• [EXERCISE DIRECTIONS]: Pictures stay out of the copy, and everything else in the data below is repeated exactly.

• [RECORDS FOR PROCESSING]:

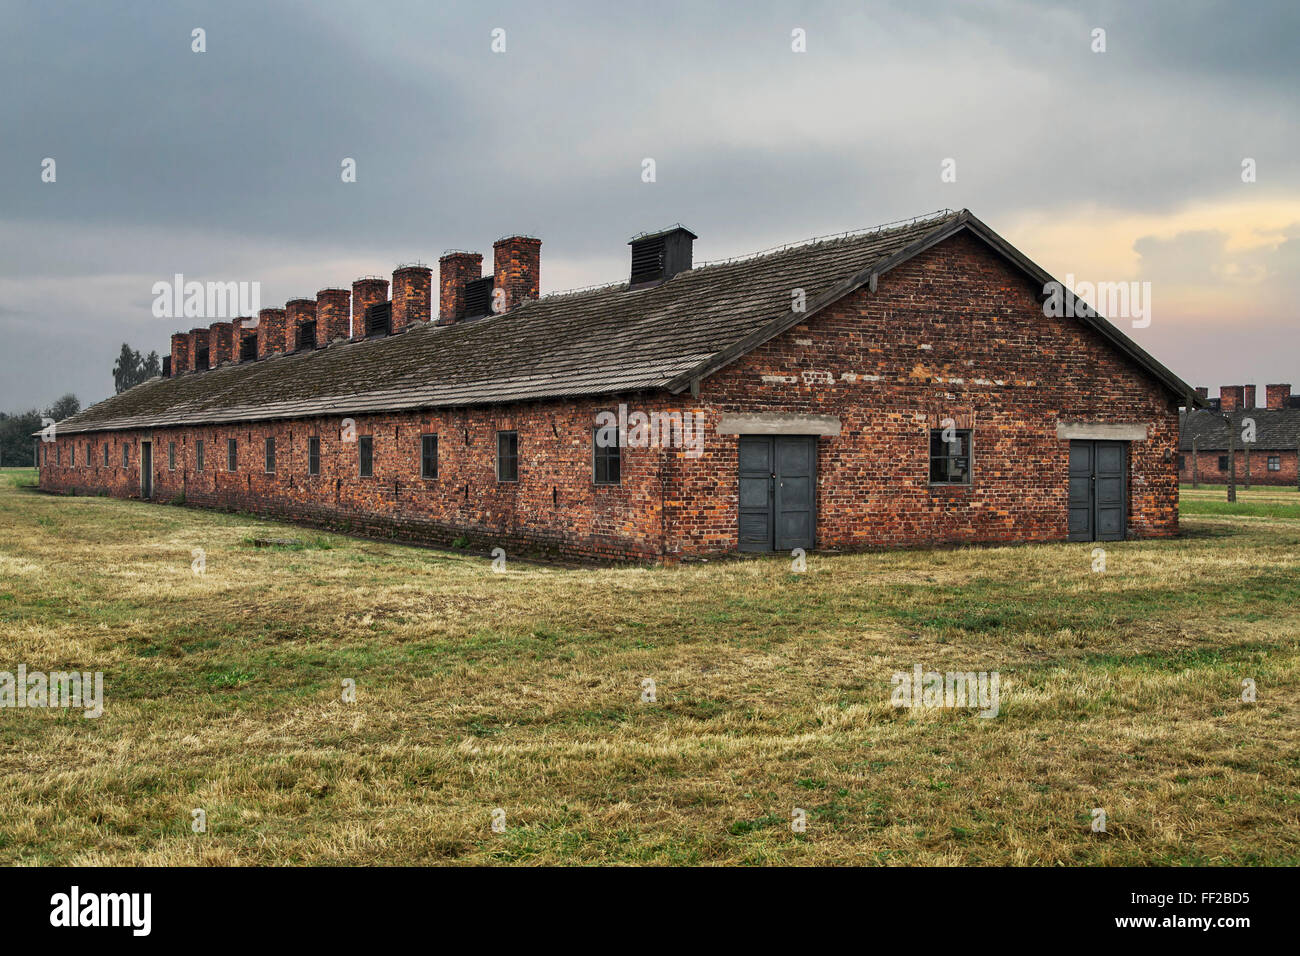 Barrack of the former nazi extermination camp of Auschwitz-Birkenau in Oswiecim, Poland. Stock Photo
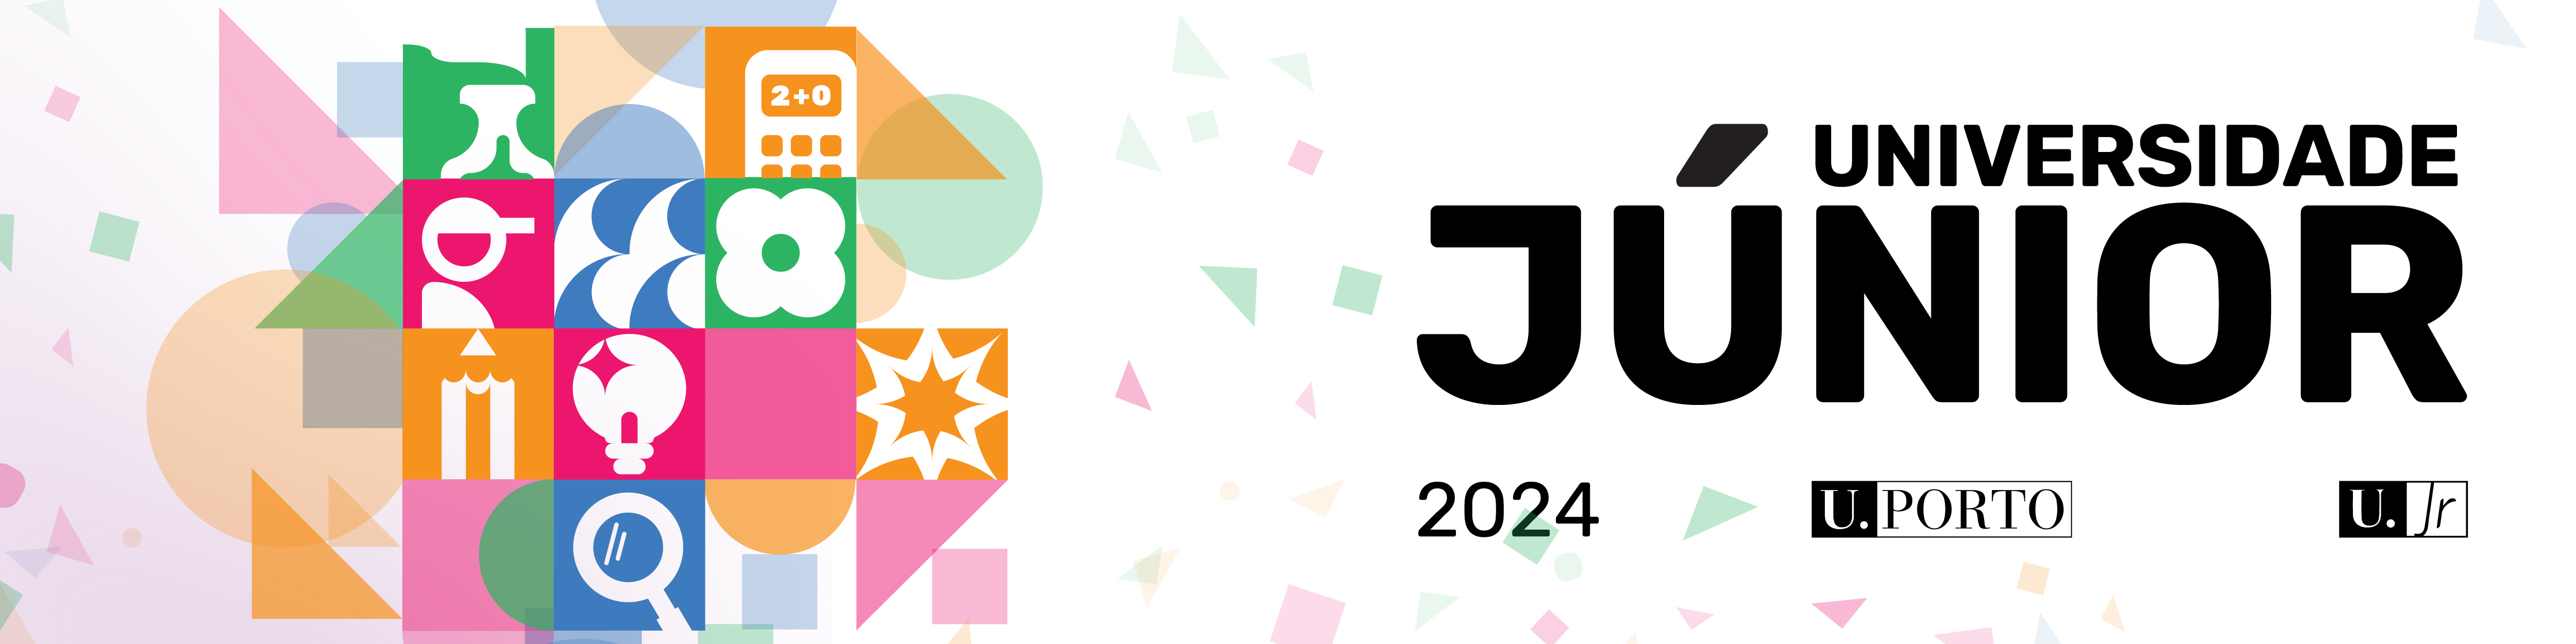 Universidade Jnior 2024
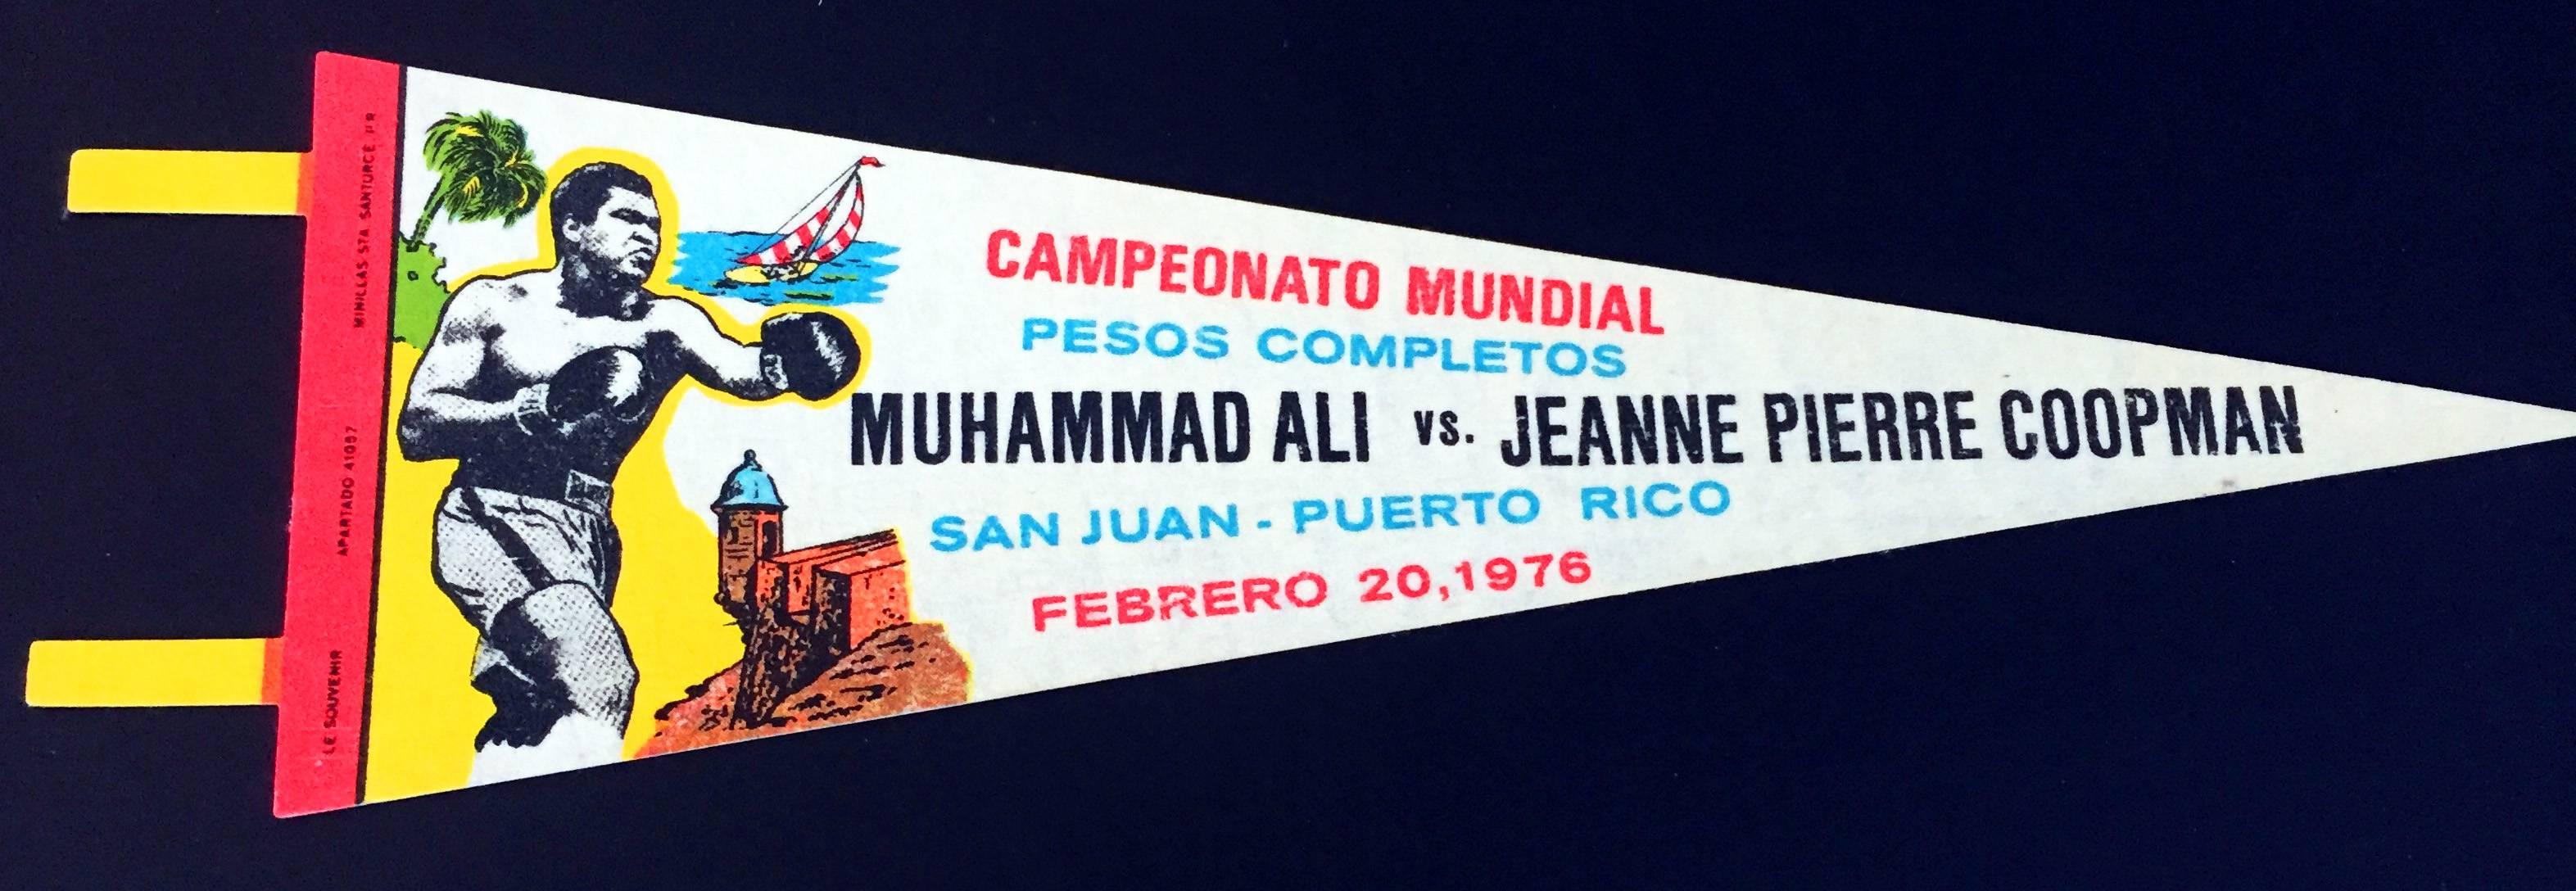 Muhammad Ali
Vintage Original, wie neu, Souvenir-Wimpel: Muhammad Ali gegen Jeanne Pierre Coopman, 20. Februar 1976 im Roberto Clemente Coliseum in San Juan, Puerto Rico. 

Kräftige, scharfe Farben; ausgezeichnete Druckqualität. Keine Heftlöcher.
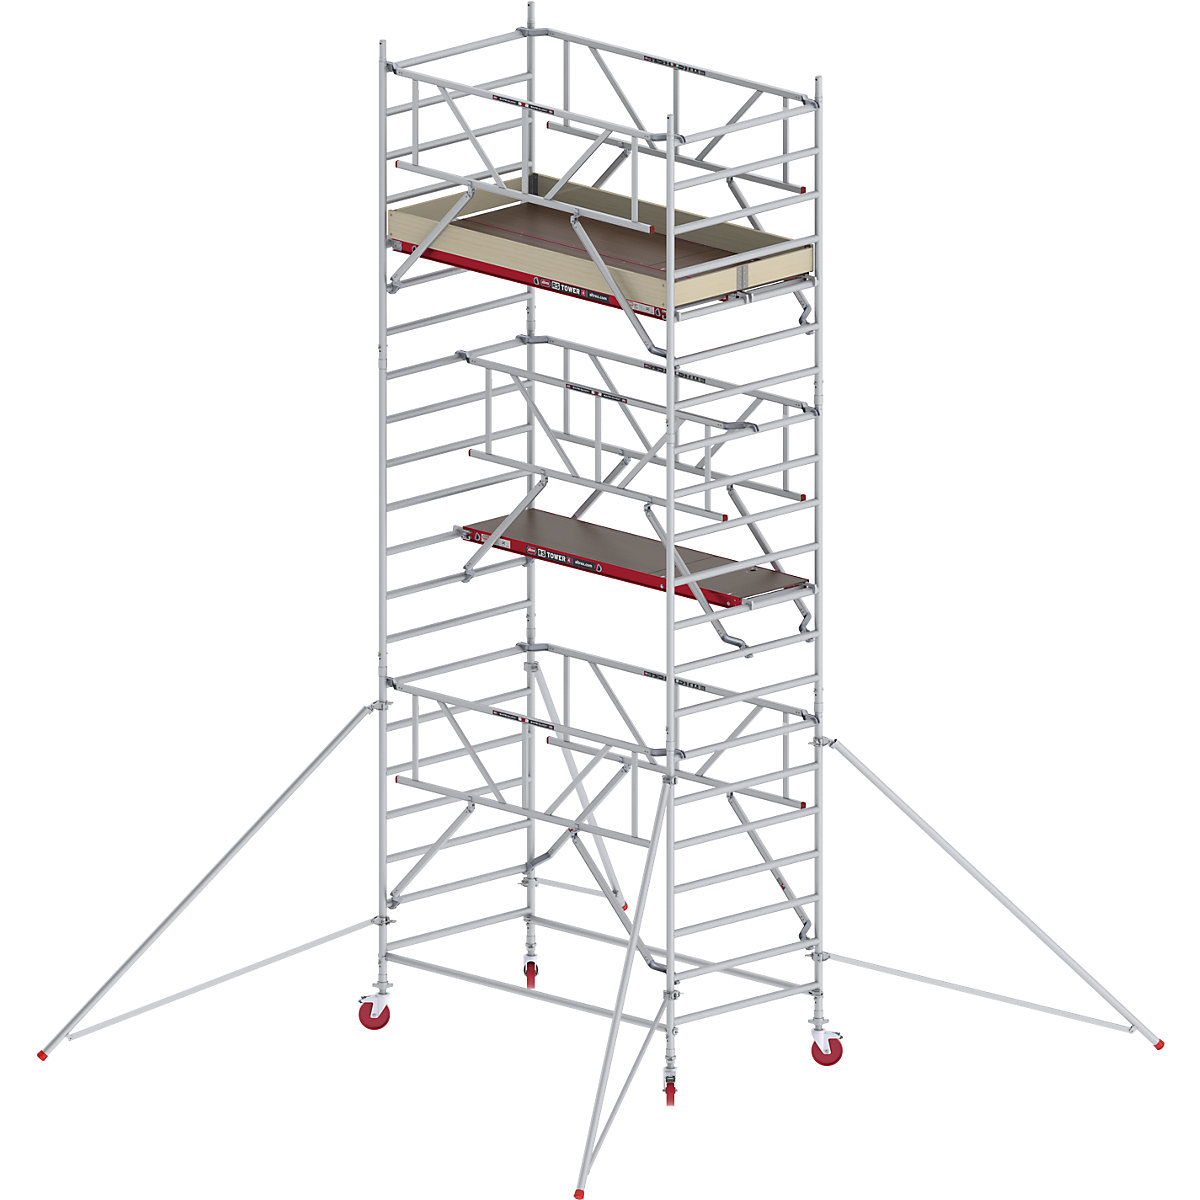 Schelă mobilă RS TOWER 42 lată cu Safe-Quick® – Altrex, platformă din lemn, lungime 2,45 m, înălțime de lucru 7,20 m-7

• [RESPONSE TO THIS TASK]:
 Barrack of the former nazi extermination camp of Auschwitz-Birkenau in Oswiecim, Poland. Stock Photo
 Universidade Jnior 2024
 Muhammad Ali
Vintage Original, wie neu, Souvenir-Wimpel: Muhammad Ali gegen Jeanne Pierre Coopman, 20. Februar 1976 im Roberto Clemente Coliseum in San Juan, Puerto Rico. 

Kräftige, scharfe Farben; ausgezeichnete Druckqualität. Keine Heftlöcher.
 Schelă mobilă RS TOWER 42 lată cu Safe-Quick® – Altrex, platformă din lemn, lungime 2,45 m, înălțime de lucru 7,20 m-7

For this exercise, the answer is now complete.